*REQUIREMENT*
Your output should be everything below from the line containing "Мелатонин 3 mg NOW 60 капсул" down to the line containing "LE SIÈGE DU", both ends included, copied exactly, with pictures left out.

*GIVEN DATA*
((

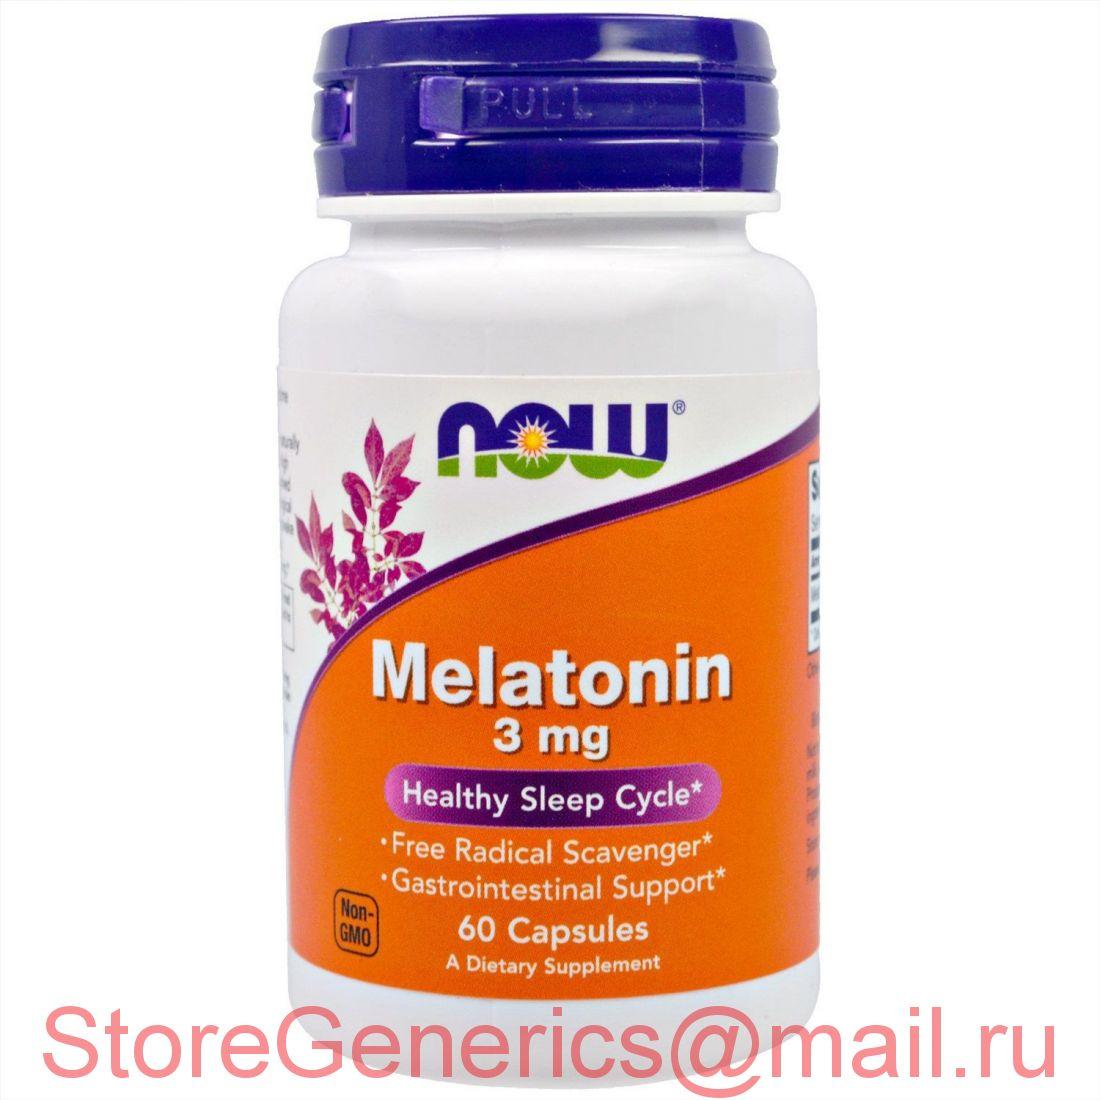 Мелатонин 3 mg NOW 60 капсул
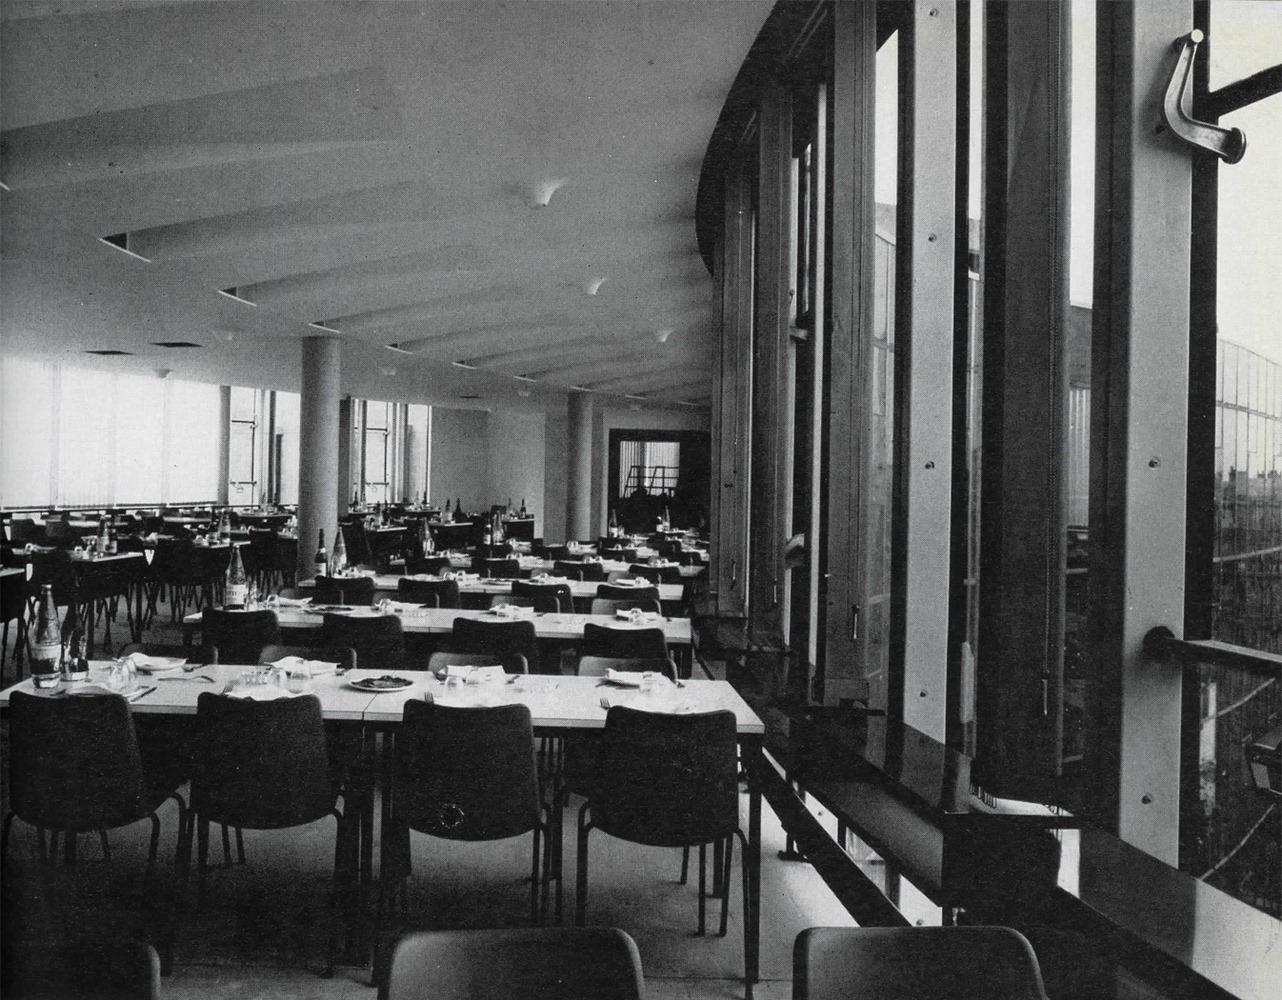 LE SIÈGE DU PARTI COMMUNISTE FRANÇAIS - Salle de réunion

))
((

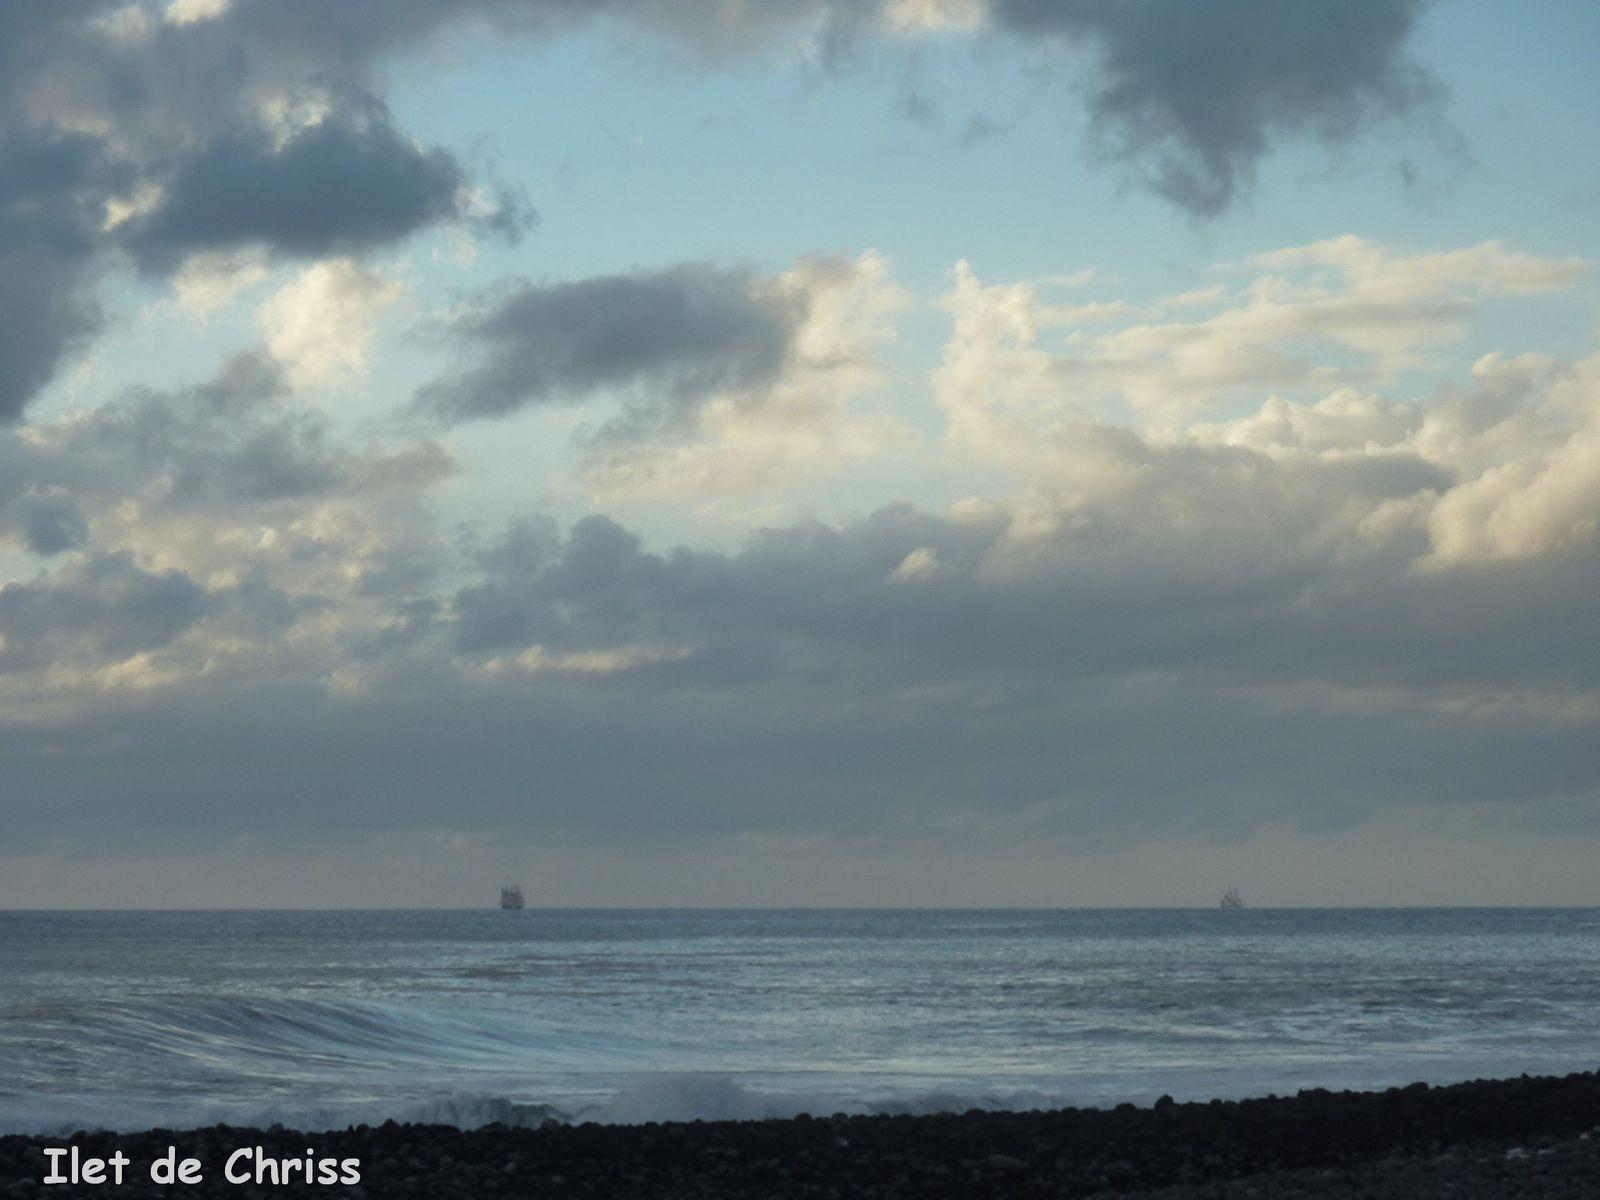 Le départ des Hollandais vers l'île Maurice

))

*SOLUTION TO THIS PROBLEM*
 Мелатонин 3 mg NOW 60 капсул
 LE SIÈGE DU PARTI COMMUNISTE FRANÇAIS - Salle de réunion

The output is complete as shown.